This study investigated the impact of training neural network-based channel estimators on mixed signal-to-noise ratio (SNR) datasets versus high SNR datasets for vehicular communications, finding that using only high SNR data is not always optimal and that adjusting the SNR range in training can improve performance, with some models showing better results in low SNR conditions when trained on mixed data.
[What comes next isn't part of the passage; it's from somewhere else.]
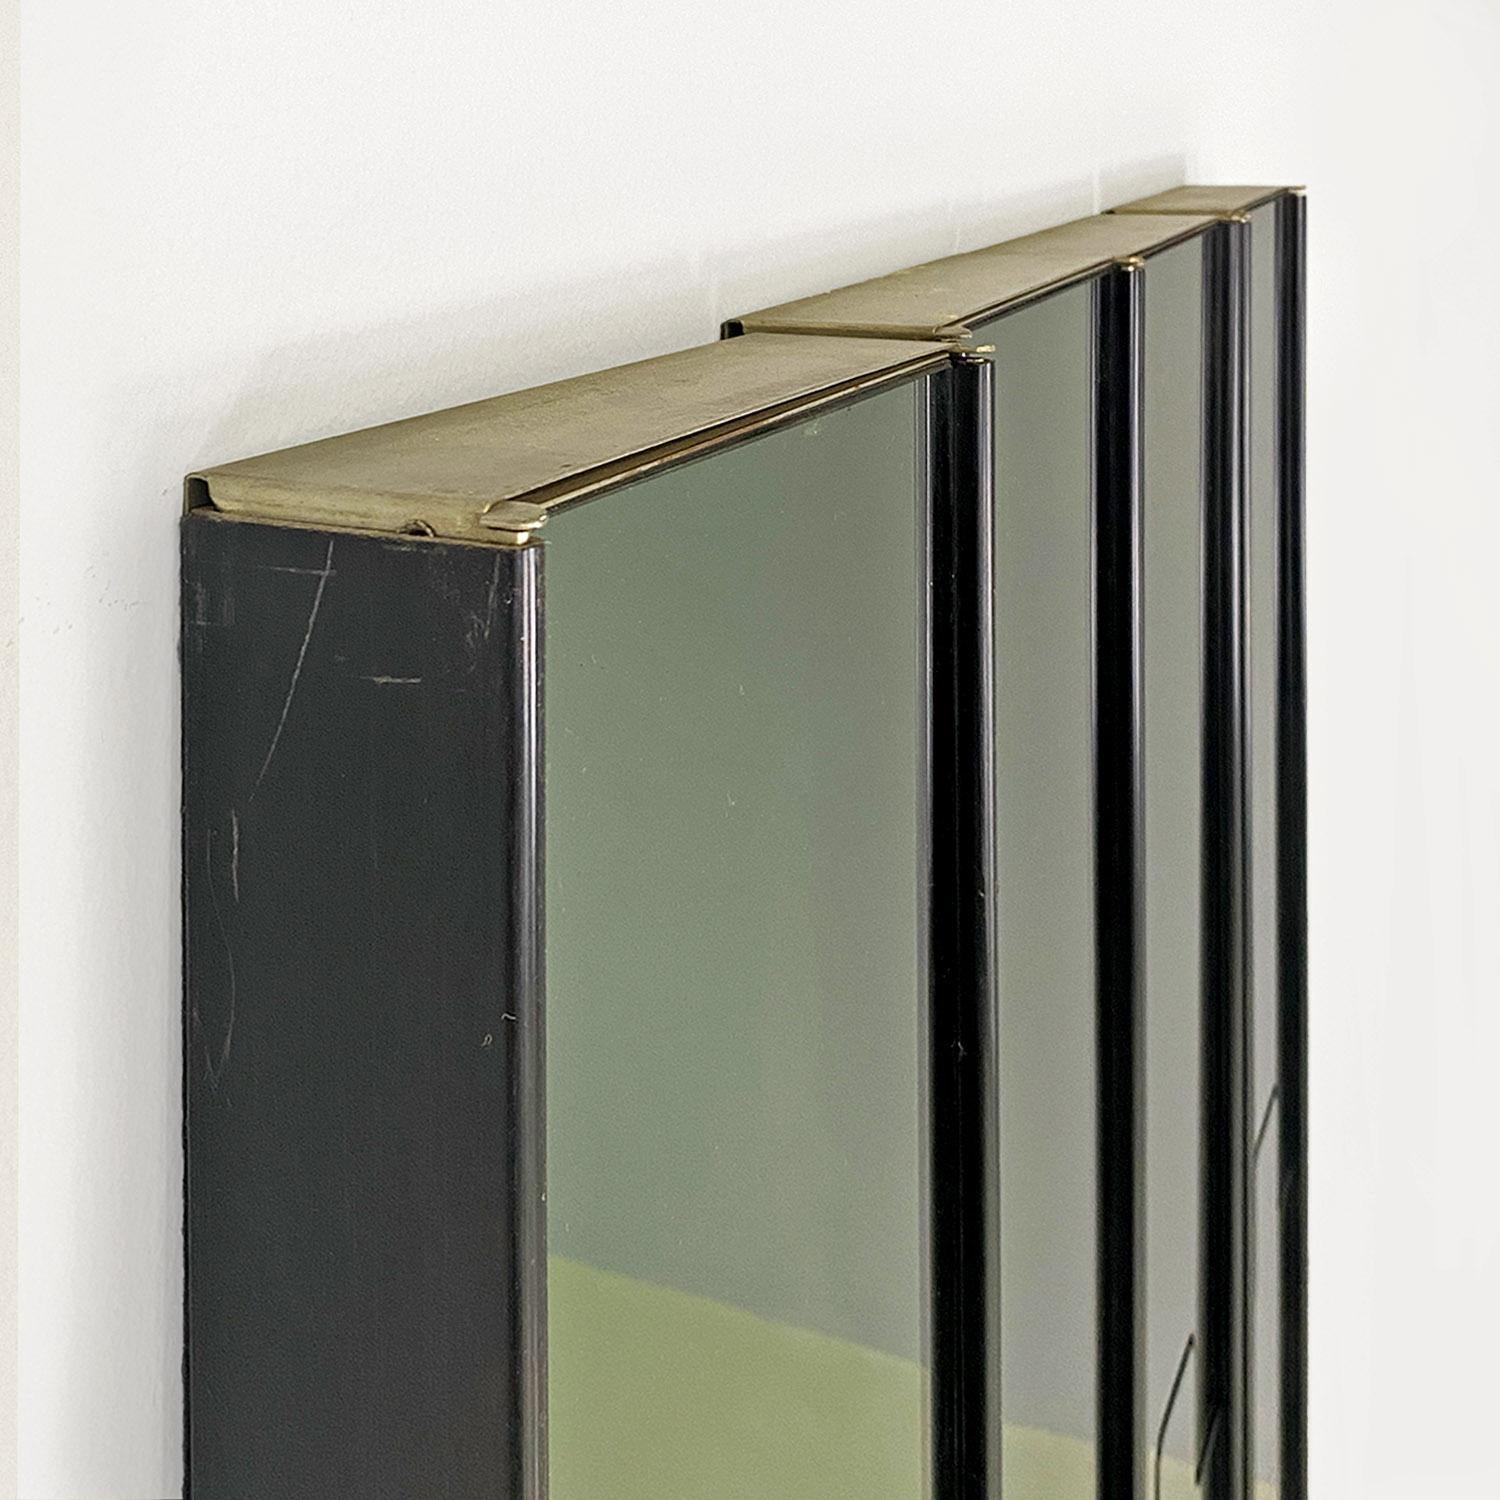 Italian modern glass plastic Gronda wall mirrors, Luciano Bertoncini, Elco 1970s For Sale 7

Vehicular communication systems face significant challenges due to high mobility and rapidly changing environments, which affect the channel over which the signals travel. To address these challenges, neural network (NN)-based channel estimation methods have been suggested. These methods are primarily trained on high signal-to-noise ratio (SNR) with the assumption that training a NN in less noisy conditions can result in good generalisation. This study examines the effectiveness of training NN-based channel estimators on mixed SNR datasets compared to training solely on high SNR datasets, as seen in several related works. Estimators evaluated in this work include an architecture that uses convolutional layers and self-attention mechanisms; a method that employs temporal convolutional networks and data pilot-aided estimation; two methods that combine classical methods with multilayer perceptrons; and the current state-of-the-art model that combines Long-Short-Term Memory networks with data pilot-aided and temporal averaging methods as post processing. Our results indicate that using only high SNR data for training is not always optimal, and the SNR range in the training dataset should be treated as a hyperparameter that can be adjusted for better performance. This is illustrated by the better performance of some models in low SNR conditions when trained on the mixed SNR dataset, as opposed to when trained exclusively on high SNR data.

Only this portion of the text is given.